Having both policies ensure all mobile assets and goods in transit are fully covered with overlapping insurance. However, businesses should evaluate if duplicated coverage is cost-effective. Streamlining with one consolidated policy may be more prudent and affordable in many cases.

Key Takeaways

  • Equipment floater and inland marine insurance both provide specialized coverage for portable business property.

  • While the core coverage against transportation losses is similar, the policies differ structurally.

  • Inland marine caters specifically to goods in transit across distances. Equipment floater has broader applicability.

  • Businesses need to analyze their unique risks to determine if equipment floater, inland marine or both policies are ideal.

  • Agents can advise if standalone coverage or a combination of floater types is most suitable and cost-efficient.

  • Careful risk assessment allows matching the features and scope of equipment floater and inland marine insurance to a company’s specific exposures.

While equipment floaters and inland marine serve a common purpose, analyzing your assets, how they are transported and the probable causes of loss allows identifying the right insurance product for your business. Consult with your insurance advisor to secure your mobile equipment in the most optimal way.

What is Contractor’s Equipment Floater Insurance?


What is another name for inland marine coverage?

For example, inland marine insurance is called “bailee’s customer insurance” in instances where you are transporting a customer’s property. Builder’s risk insurance covers construction tools and machinery kept at job sites and storage yards.

Are inland marine policies floaters?

These policies became known as “floaters” because the property covered was originally “floating” in the ocean. In today’s insurance realm, Inland Marine coverage provides protection to fill gaps in commercial property protection or to reach specific limits of coverage.

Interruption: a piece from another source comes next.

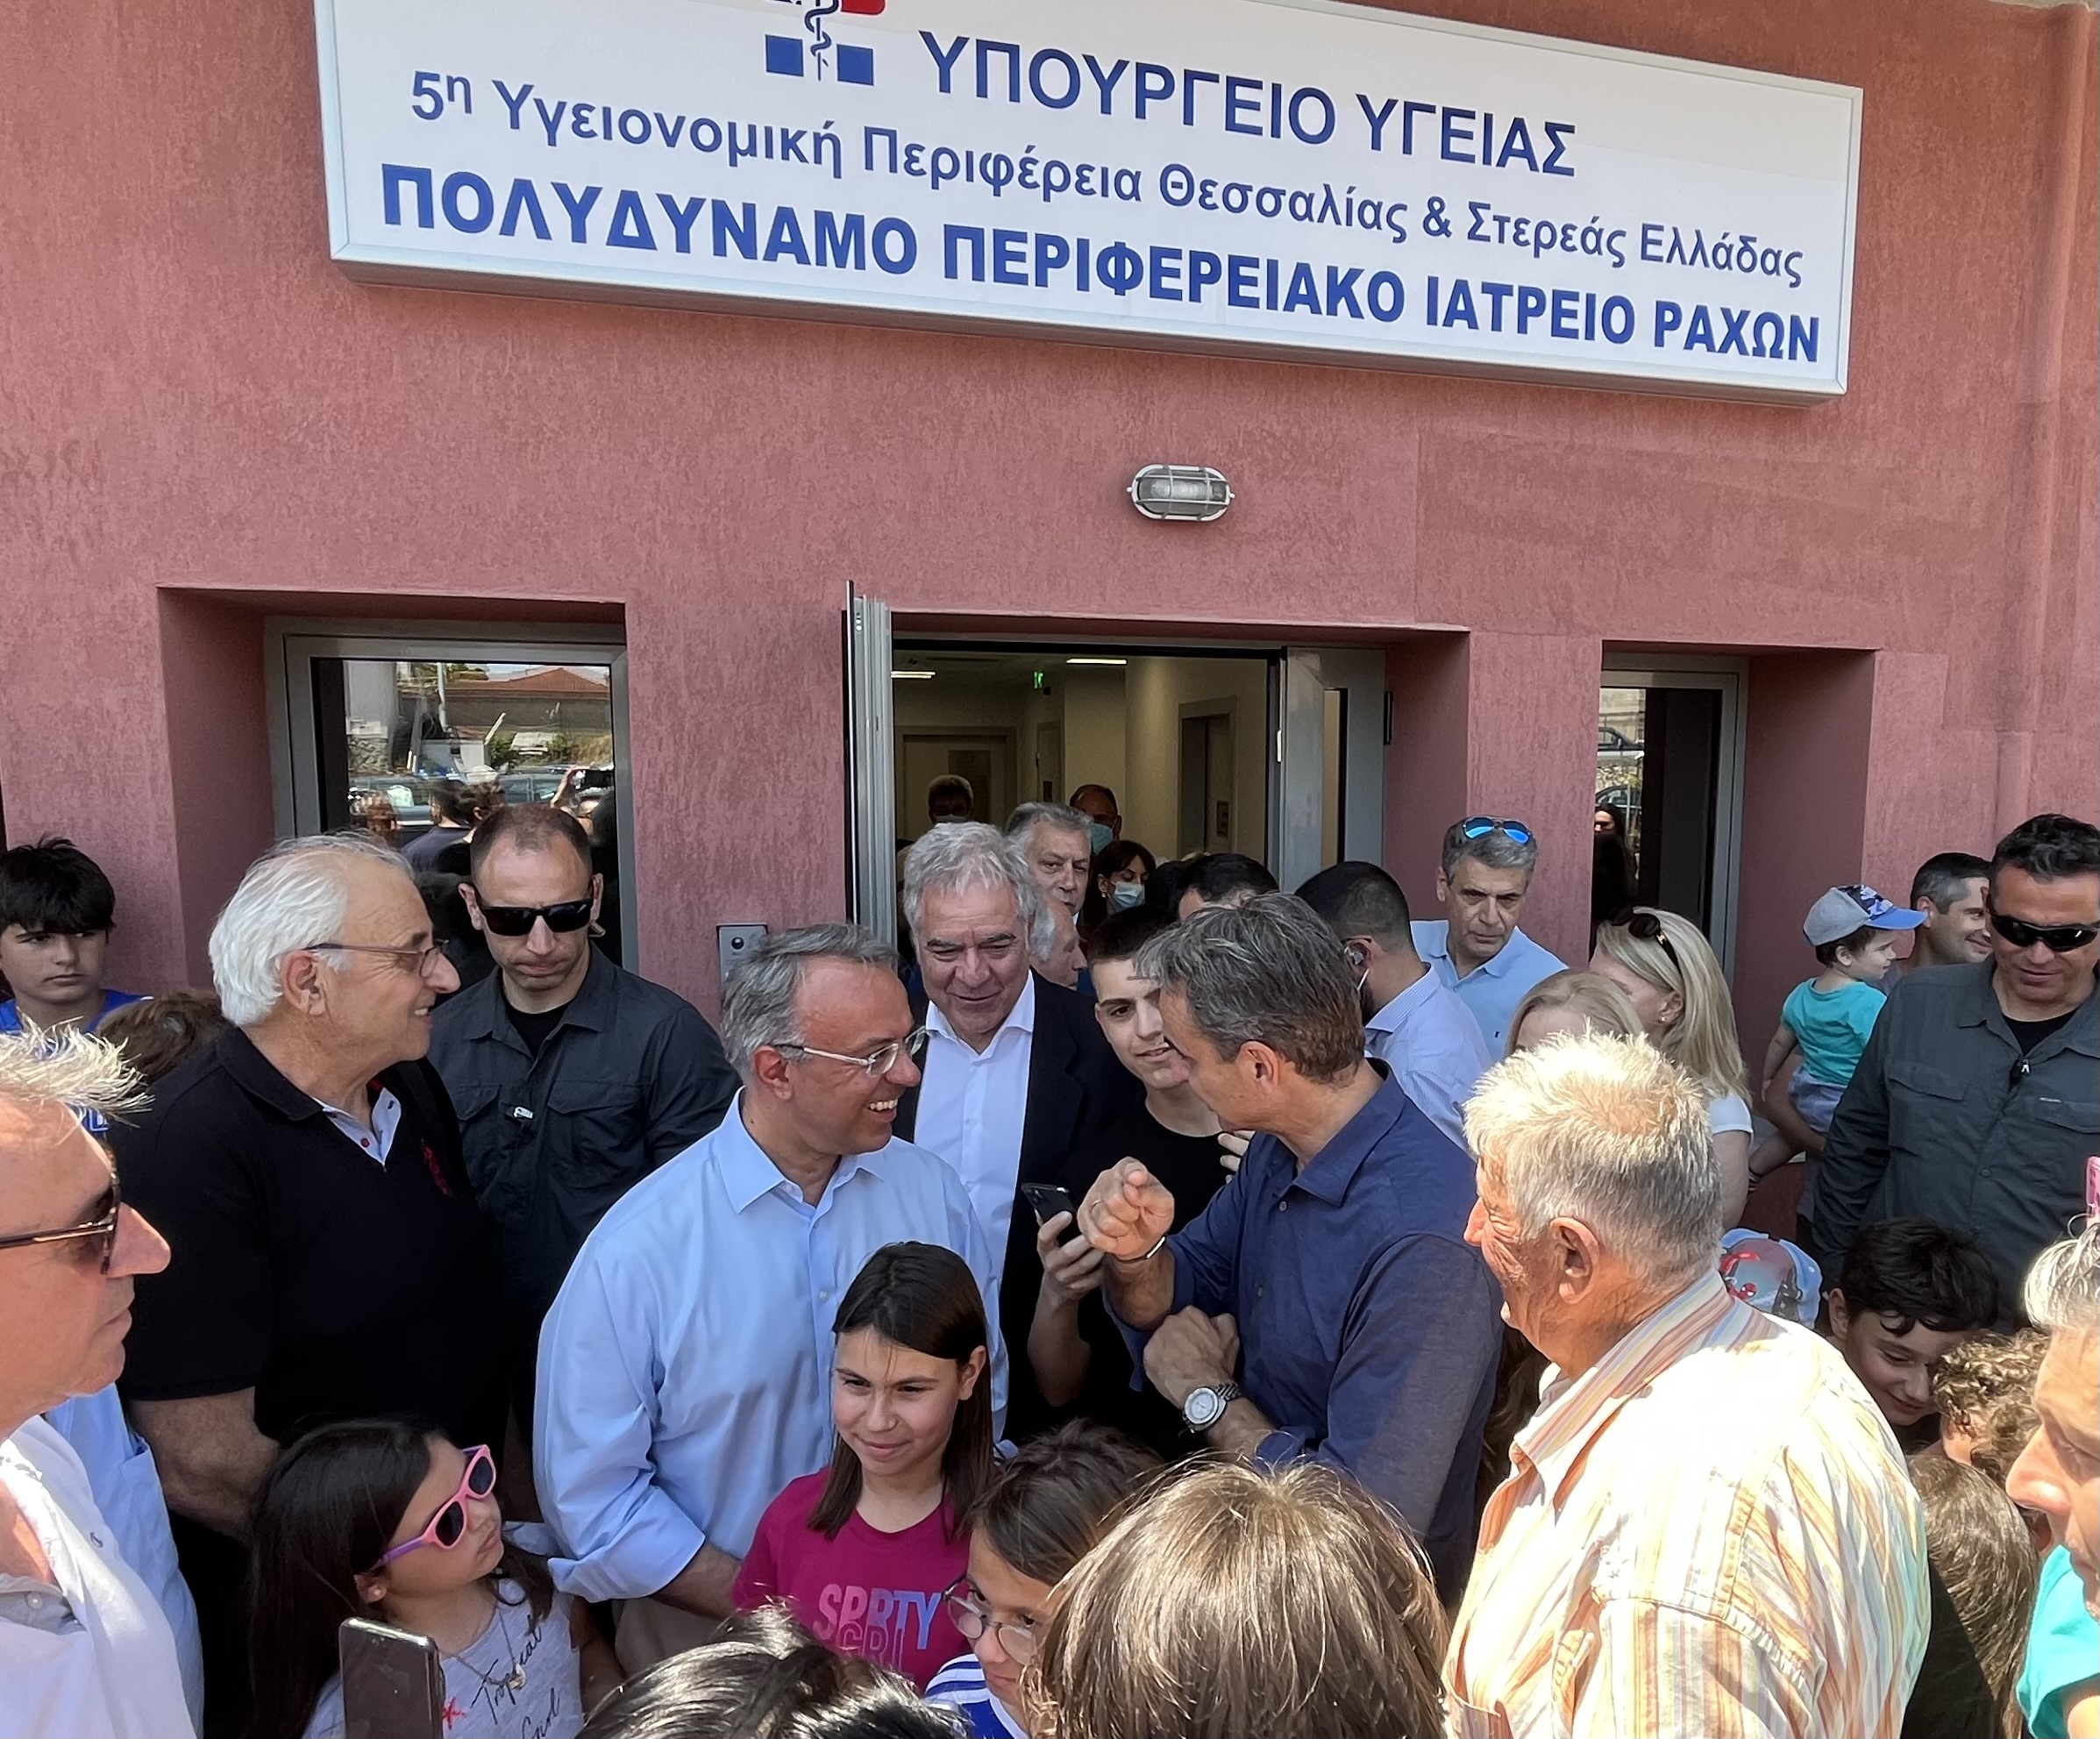 , Ο Χρήστος Σταϊκούρας για την επίσκεψη του Κυριάκου Μητσοτάκη σε Γλύφα, Στυλίδα και Ράχες
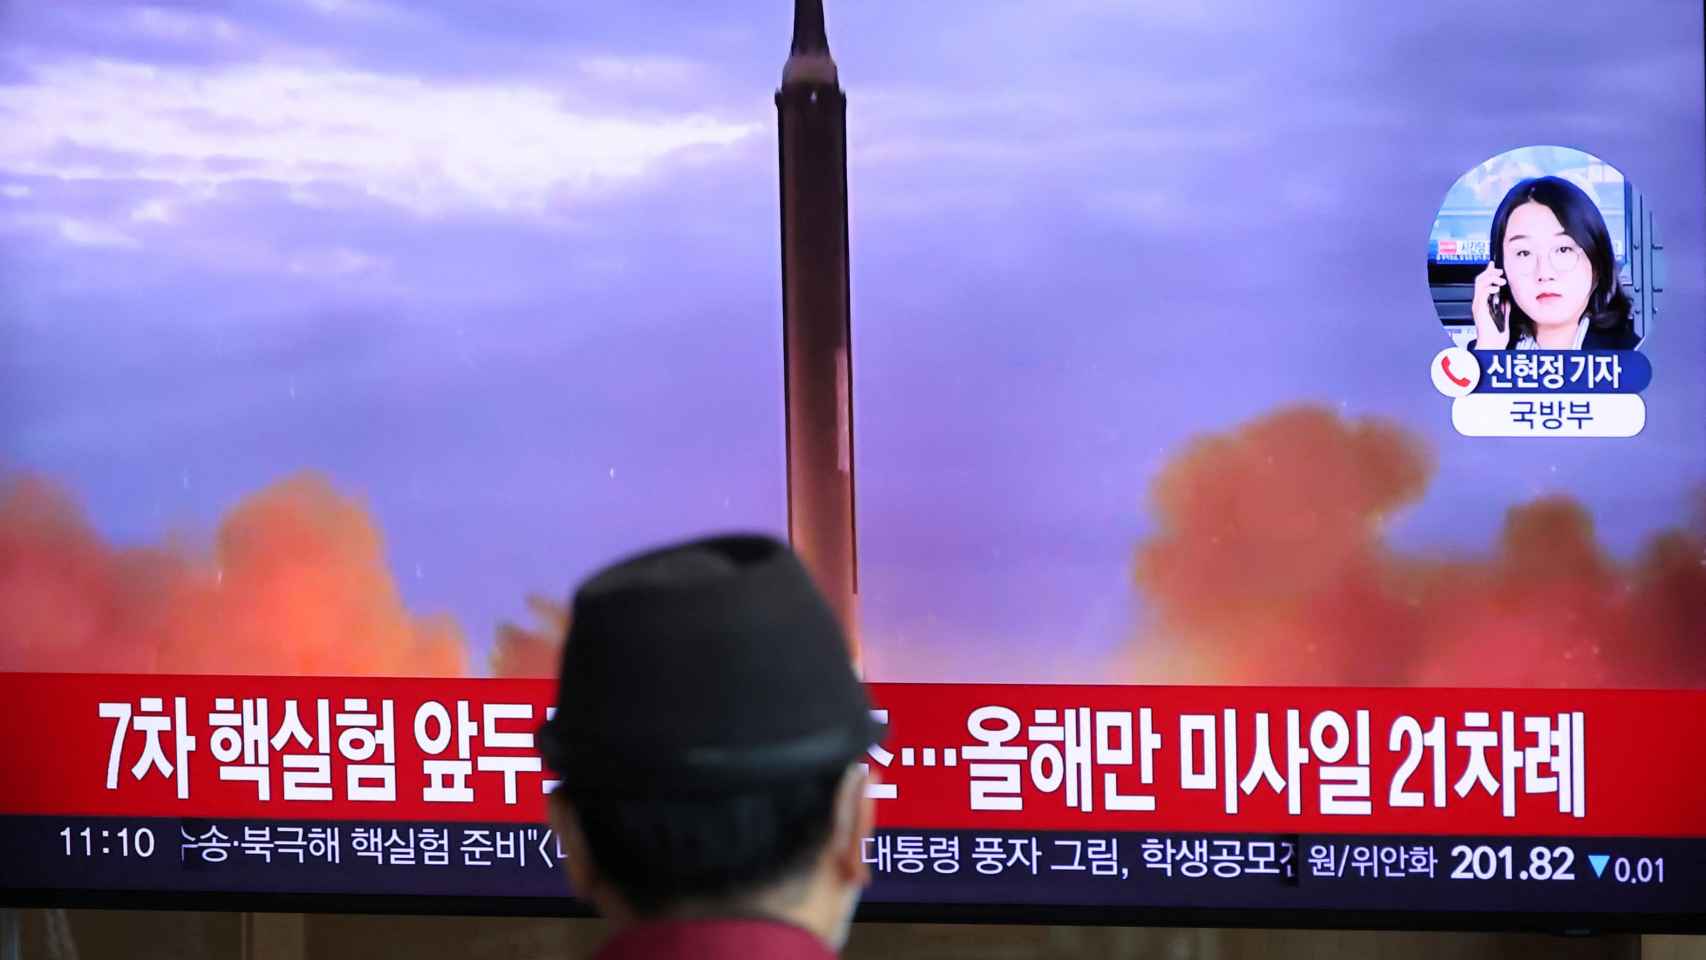 Un hombre mira un televisor que transmite un informe de noticias sobre Corea del Norte disparando un misil balístico sobre Japón, en una estación de tren en Seúl, Corea del Sur, el 4 de octubre de 2022

What is a contractor’s equipment floater?

An equipment floater is property insurance covering equipment that is often moved from place to place.

What is inland floater?

Inland marine or equipment floater insurance covers specific types of mobile property and other specialized objects no matter where they are located. Items such as tools, cameras, laptop computers or other equipment used to conduct offsite operations are at a higher risk of loss, damage, and theft.